Sicurezza è il futuro 2018 numero 11

Acrobati senza rete

Dal Presidente

La sicurezza non si compra

Acrobati senza rete

Quando ero alle prime armi e iniziavo il mio percorso professionale prima ed imprenditoriale poi, conobbi una moltitudine di persone che svolgevano da una vita il mio lavoro e approcciavano con un certo disappunto, ma con altrettanta serietà e approfondimento, il tema della sicurezza in cantiere, in virtù di una serie di norme cogenti che stabilivano procedure, regole, manuali, figure, responsabilità e responsabili.

Parliamo di 25 anni fa: poco più di un terzo statistico di vita di una persona, metà della vita professionale di un imprenditore, se tutto va bene...

Il mio Maestro, con il quale condivido ancora molto del mio percorso di lavoro e di Azienda, un uomo che fin dagli anni cinquanta ha vissuto nei cantieri di mezzo mondo, mi ha sempre detto: “Caro Marco, la sicurezza in cantiere non la compri; la sicurezza in cantiere o ce l’hai o non l’avrai mai, neppure se saranno altri a organizzarla”.

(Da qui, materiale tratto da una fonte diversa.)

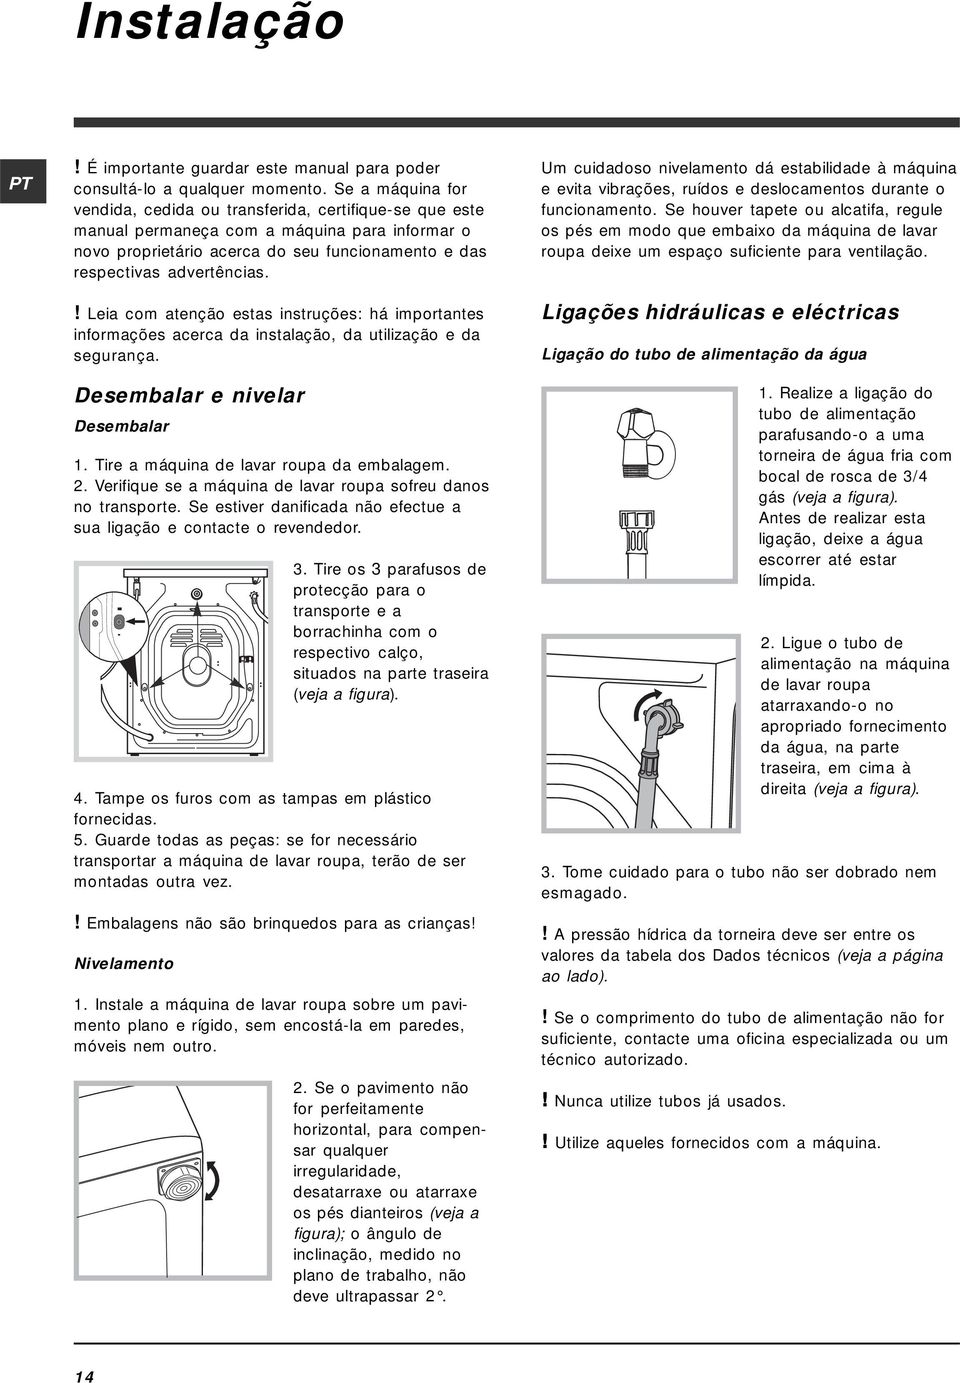 ! Leia com atenção estas instruções: há importantes informações acerca da instalação, da utilização e da segurança. Desembalar e nivelar Desembalar 1. Tire a máquina de lavar roupa da embalagem. 2.

Che cosa intendeva dire, con queste parole il grande tecnico che mi accompagna nella battaglia quotidiana della vita di impresa? Rispondere è tanto delicato, quanto complesso, perché dagli anni cinquanta a oggi sono mutati i tempi, si sono modificate le relazioni, sono variate le abitudini, le comunicazioni. La tecnologia si è accompagnata a un certo decadentismo, si sono esasperate le tempistiche, la reperibilità; le relazioni sono basate sull’immediatezza, l’approfondimento spesso oggi è un optional. Chi invece è nato e cresciuto in cantiere e ha lavorato in un contesto complesso e in stagioni di grande crescita e sviluppo sa che le risorse umane, i tecnici e gli operai sono sempre stati la necessità fondamentale sulla quale puntare e le loro condizioni di lavoro il presupposto del successo e della crescita dell’impresa, della produzione, del prodotto. Ogni compressione ha sempre ridotto il perimetro tra capacità organizzativa e obiettivo, alle volte migliorando, altre, indiscutibilmente svilendo. È forse questo che voleva trasmettermi Paolo Mazzalveri, con quella frase che ancora oggi ricordo, difficile da sostenere ai tempi nostri, dove le norme, i decreti, le procedure, la modulistica e le responsabilità pervadono trasversalmente qualsiasi processo produttivo, in una dimensione tanto codificata quanto ossessiva, e talvolta c’è davvero da chiedersi se la ridondanza delle procedure talvolta non sacrifichi le necessità invece di quanto occorra in cantiere e non sottragga invece risorse reali alle necessità di sicurezza delle persone, qualificando figure e soggetti che alle volte sono investiti di responsabilità, senza nemmeno calarsi nella realtà produttiva, travolti di nomine stando in ufficio, dotandosi di consulenti legali per parare nella eventualità il colpo che imperizie e leggerezze di altri possano sempre far ricadere su di loro rischi e pericoli, azioni o condanne.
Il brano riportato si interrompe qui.